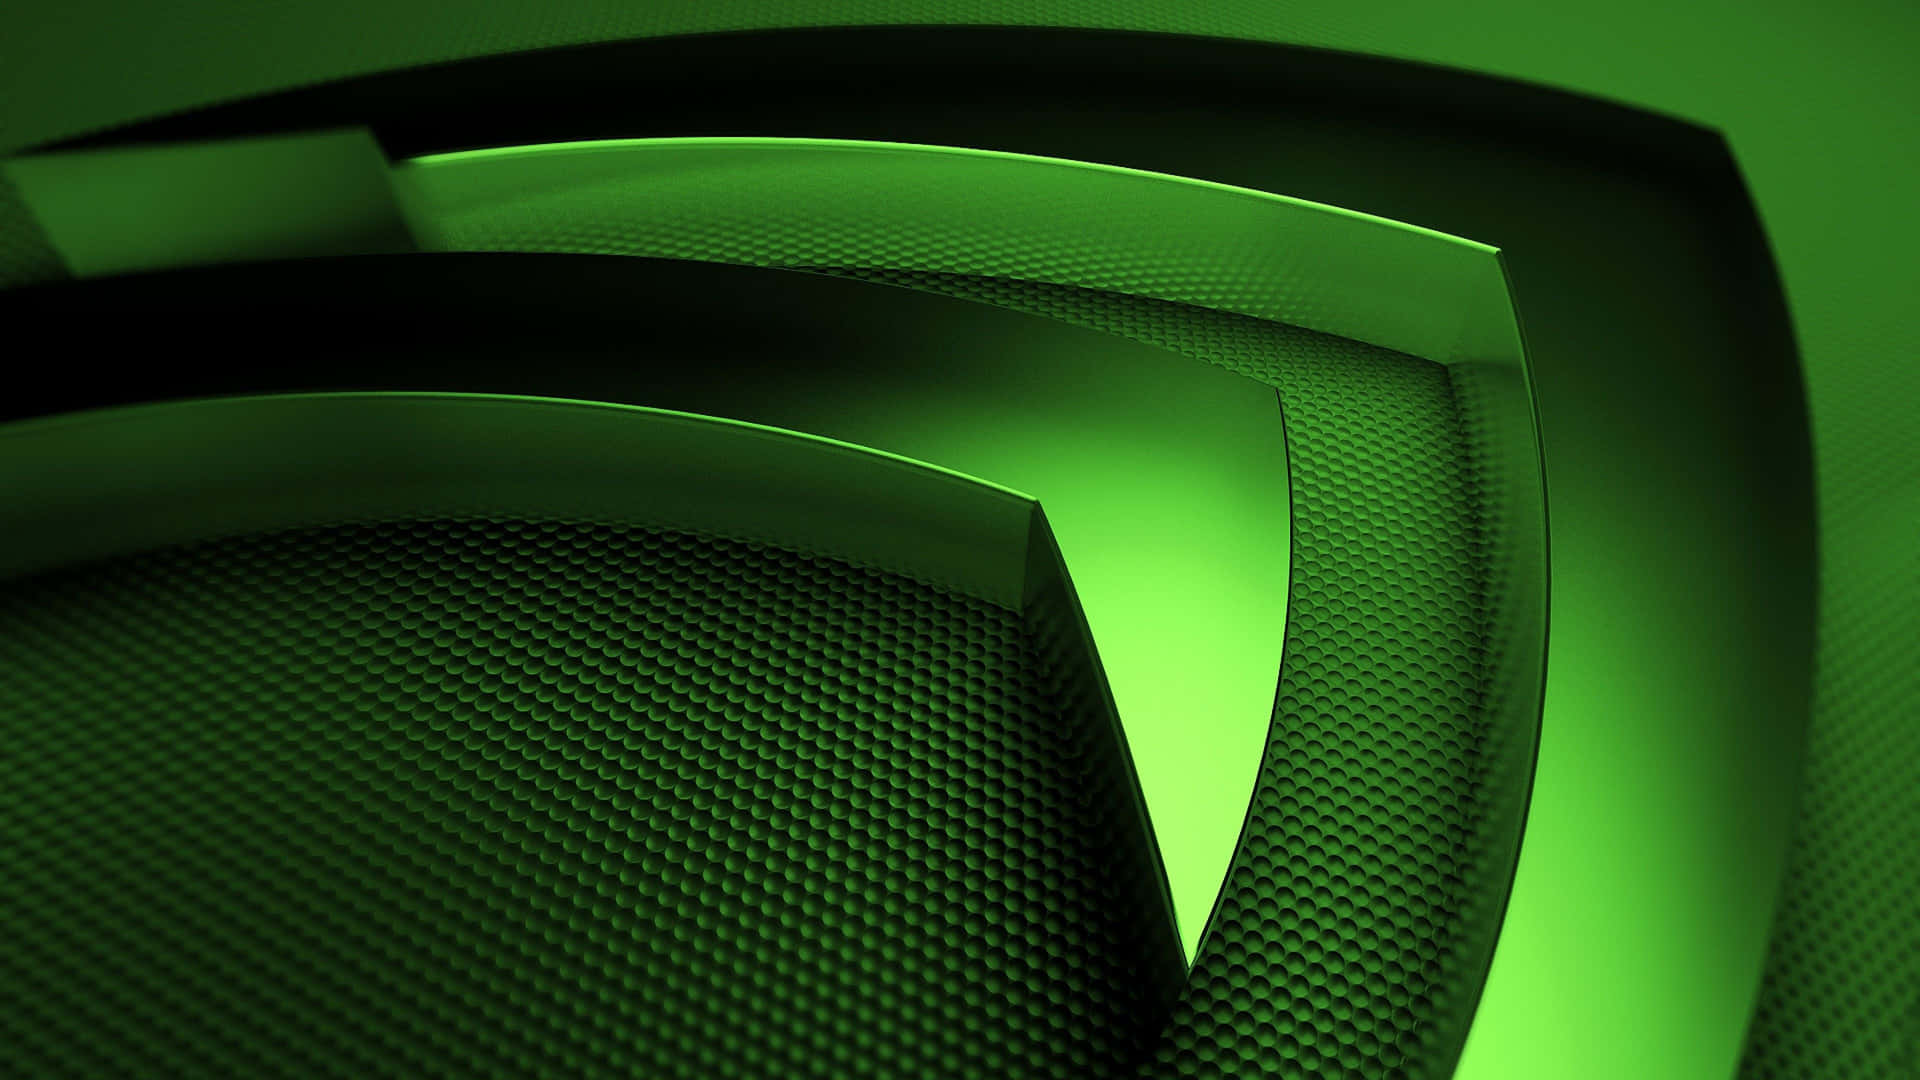 Impresionantefondo De Textura Verde Con El Logotipo De Nvidia
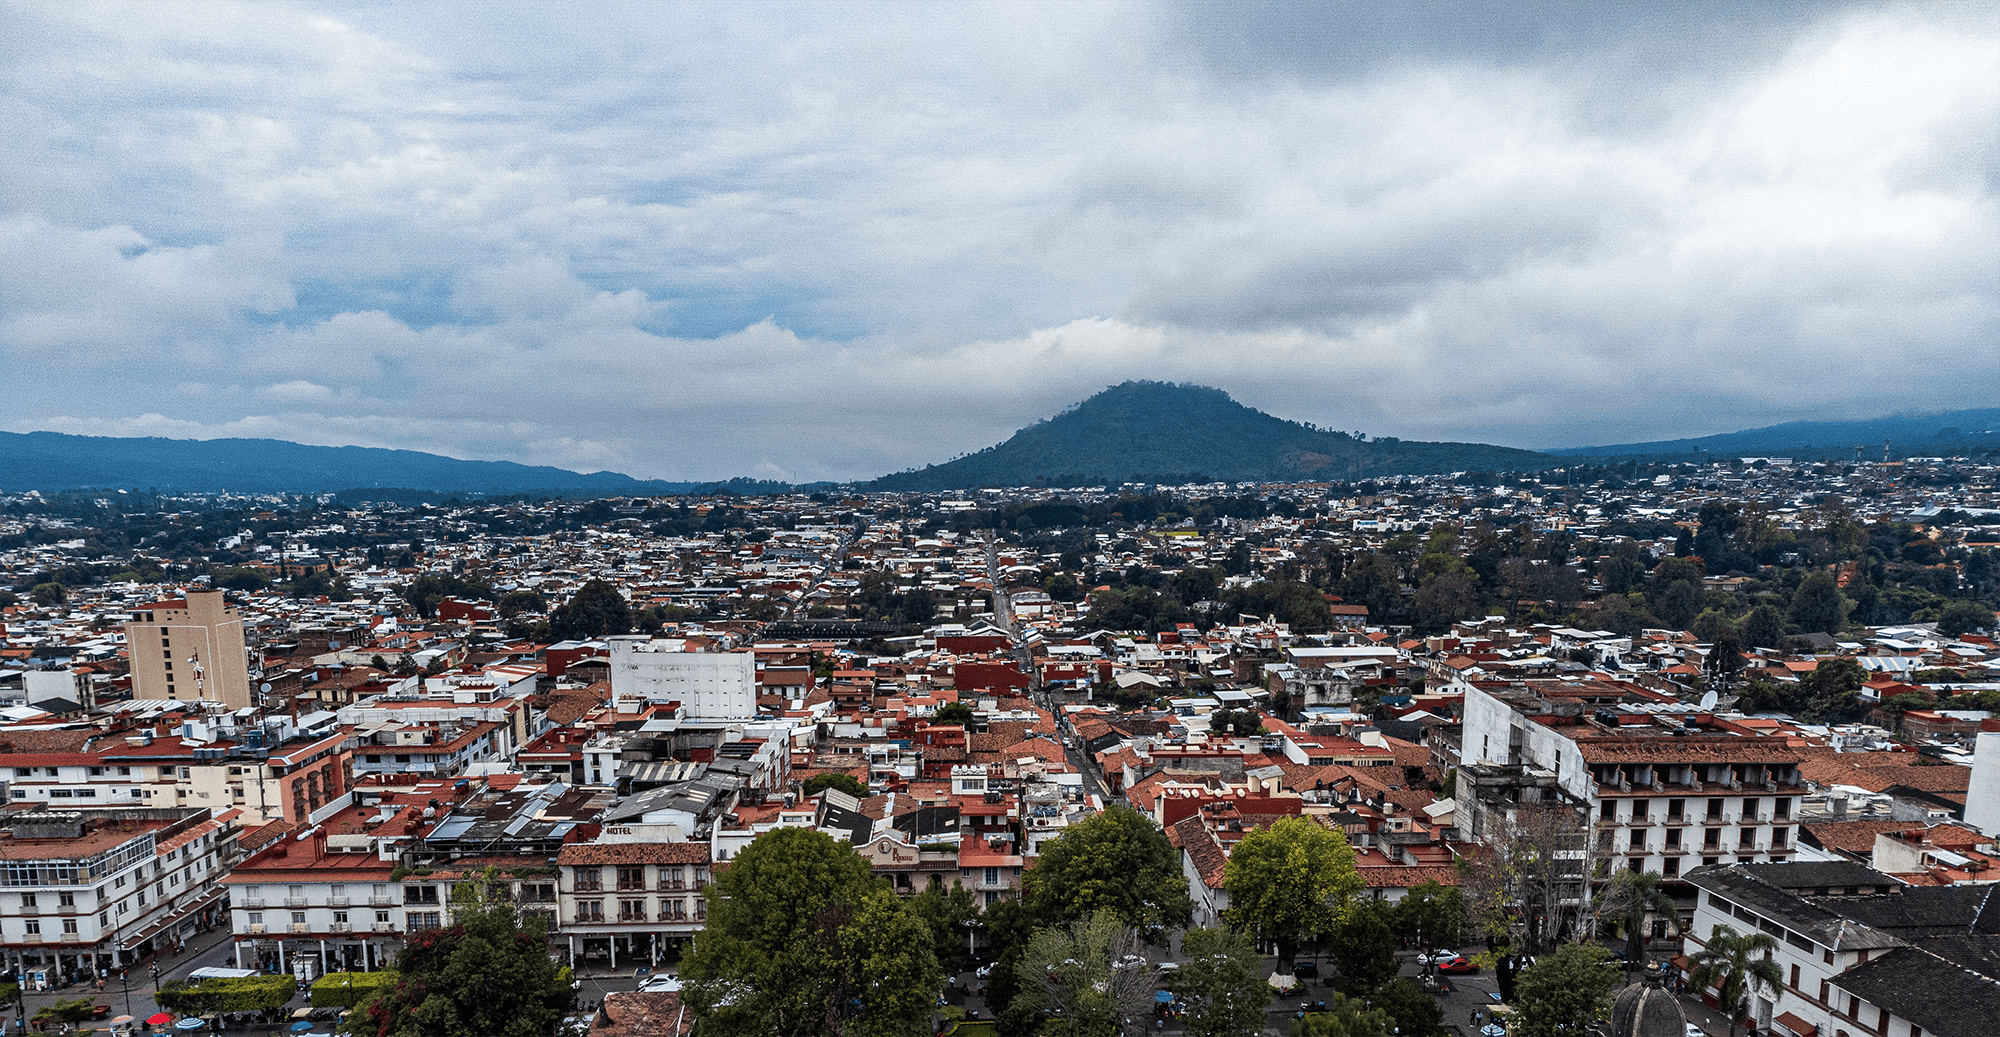 Photo: Mexico Special Election Series #1 Vista panoramica de Uruapan, Michoacan, Mexico. By esdelval Adobe Stock
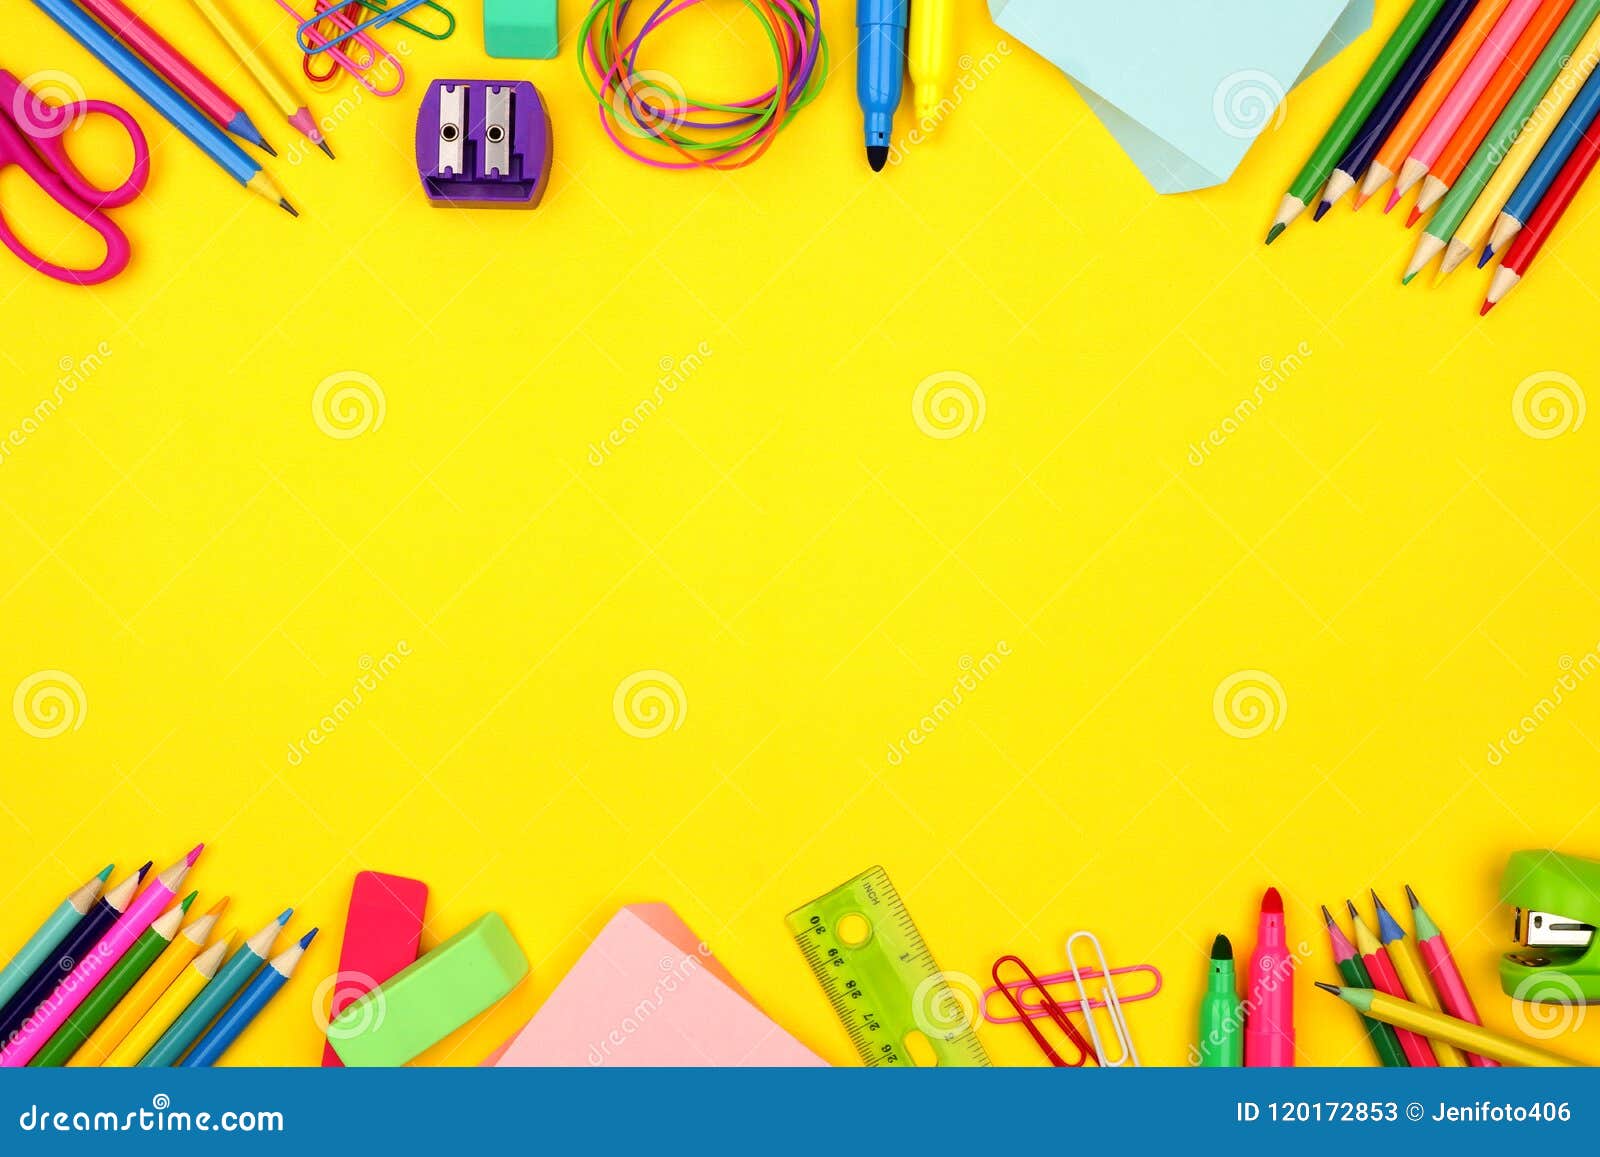 Monet Stadscentrum In beweging De School Levert Dubbele Grens Over Een Gele Achtergrond Stock Afbeelding -  Image of potlood, gekleurd: 120172853

• **TASK REQUIREMENTS**
Up to and including the last line of the listing, starting at the line with "Photo: Mexico Special", extract every line exactly and leave out the pictures.

• **RESPONSE BOX**
 Photo: Mexico Special Election Series #1 Vista panoramica de Uruapan, Michoacan, Mexico. By esdelval Adobe Stock
 Monet Stadscentrum In beweging De School Levert Dubbele Grens Over Een Gele Achtergrond Stock Afbeelding -  Image of potlood, gekleurd: 120172853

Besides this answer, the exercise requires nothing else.